How to Gather Colostrum to Prepare for Breastfeeding


Establishing breastfeeding can take time, effort and good support. If you are planning on breastfeeding, it's a good idea to get some breastfeeding support before you have had your baby.

It's worth collecting colostrum from 37 weeks in pregnancy. This can help to satisfy your baby before your milk supply comes in. In some instances, it may prevent the need for formula if there challenges in getting breastfeeding established. It's also a useful time to practice hand-expressing when you don't yet have the pressure of a hungry baby!

What is Colostrum?

Colostrum is a thick, yellowish, sticky liquid that is the first form of breast milk. It's rich in protein, fats and immune-boosting properties. It also contains good bacteria to help colonize your baby's gut. Colostrum also helps to stabilise the baby's glucose levels. Colostrum is released in tiny amounts, it's liquid gold. A small amount goes a long way.

How do you Collect it?

  • Use clean hands to hand express the colostrum from the breast. Warmth can be helpful e.g. a warm compress or express after you've taken a shower.
  • Have a sterile container such a syringe or small jar with a lid ready to contain the colostrum.
  • Gently massage the breast towards the nipple to stimulate the let-down reflex.
  • Cup your breast with your thumb at the top and fingers below, making a 'c-shape'. 
  • Press your thumb and fingers together for 10 seconds.

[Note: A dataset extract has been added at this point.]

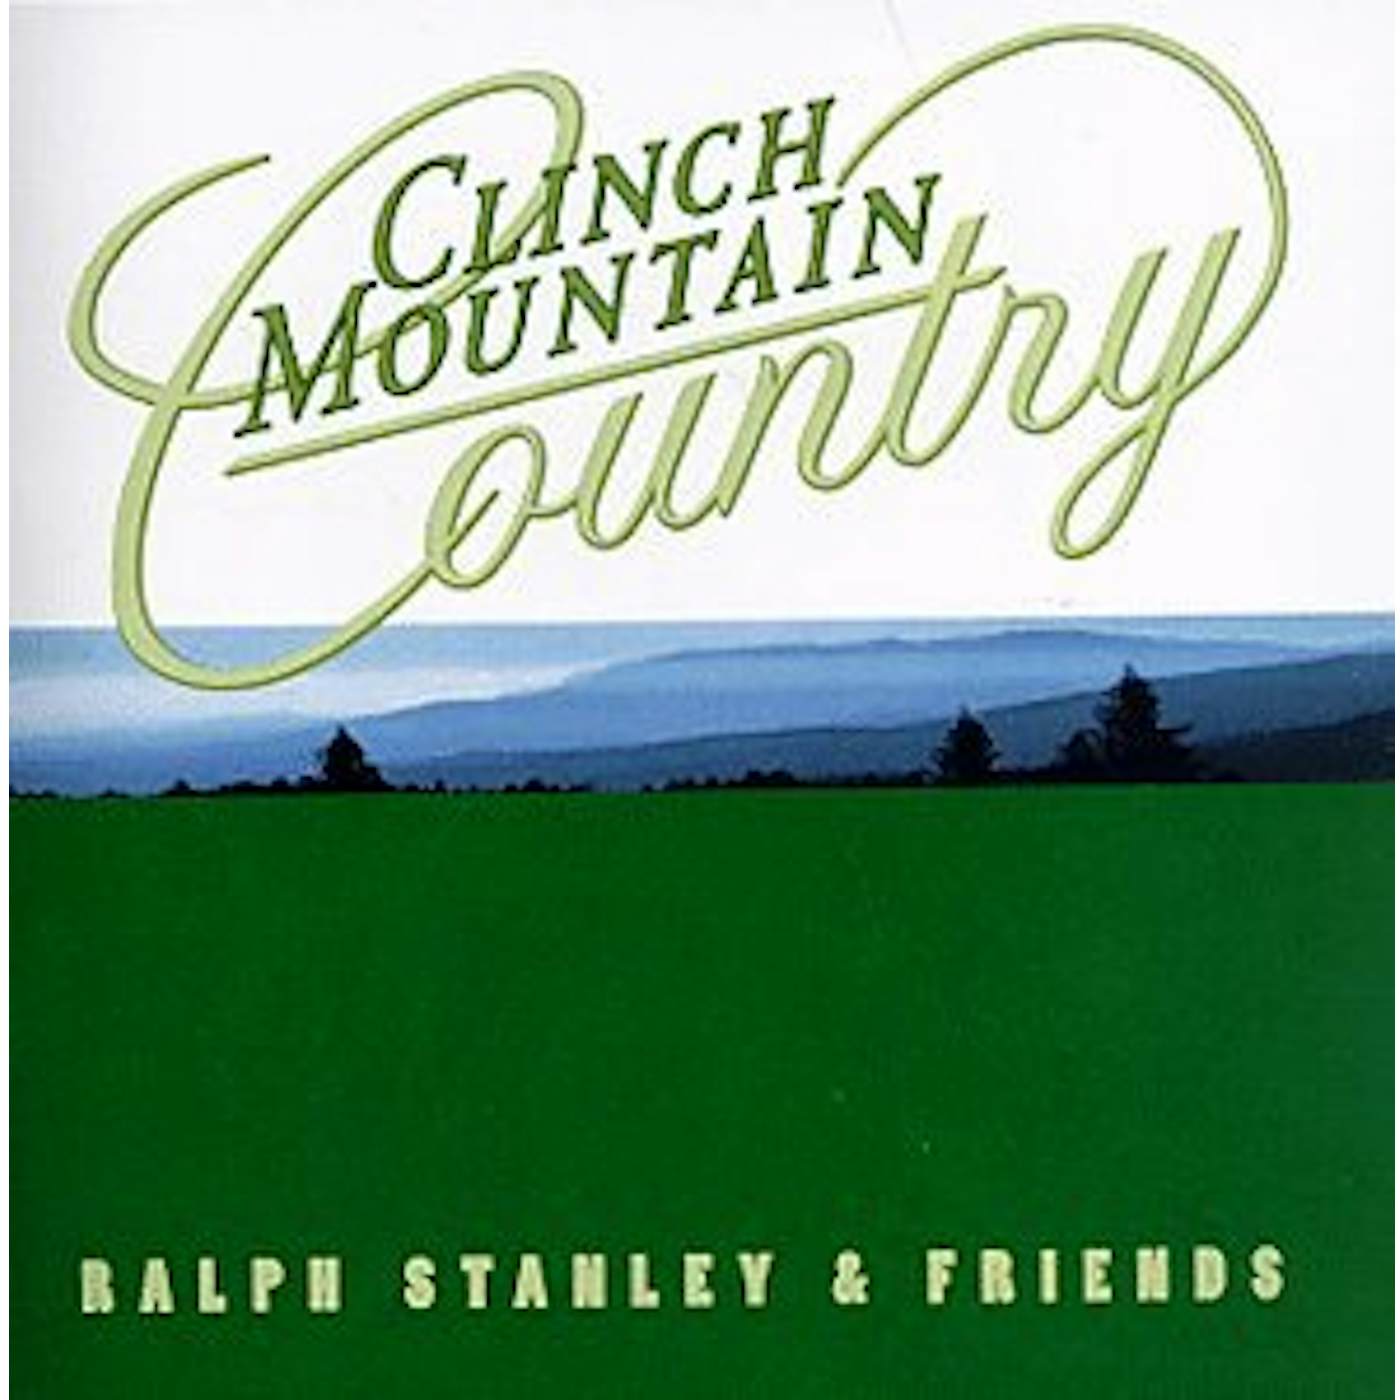 Ralph Stanley CLINCH MOUNTAIN COUNTRY CD

Release and repeat. 
  • Move around the breast e.g in a clockwise or anti-clockwise direction and repeat the pressure.
  • Store the drops of colostrum in a syringe, which you then place in the fridge.
  • Express 2-4 times a day. At the end of each day, place the labeled syringe or container in the freezer.

Stimulating the breasts can cause some contractions in your uterus. Don't be worried about this.

If you are having a hospital birth, you can take the colostrum with you in a freezer bag. Make sure you have mentioned colostrum on your birth plan, so you can be supported by your midwives.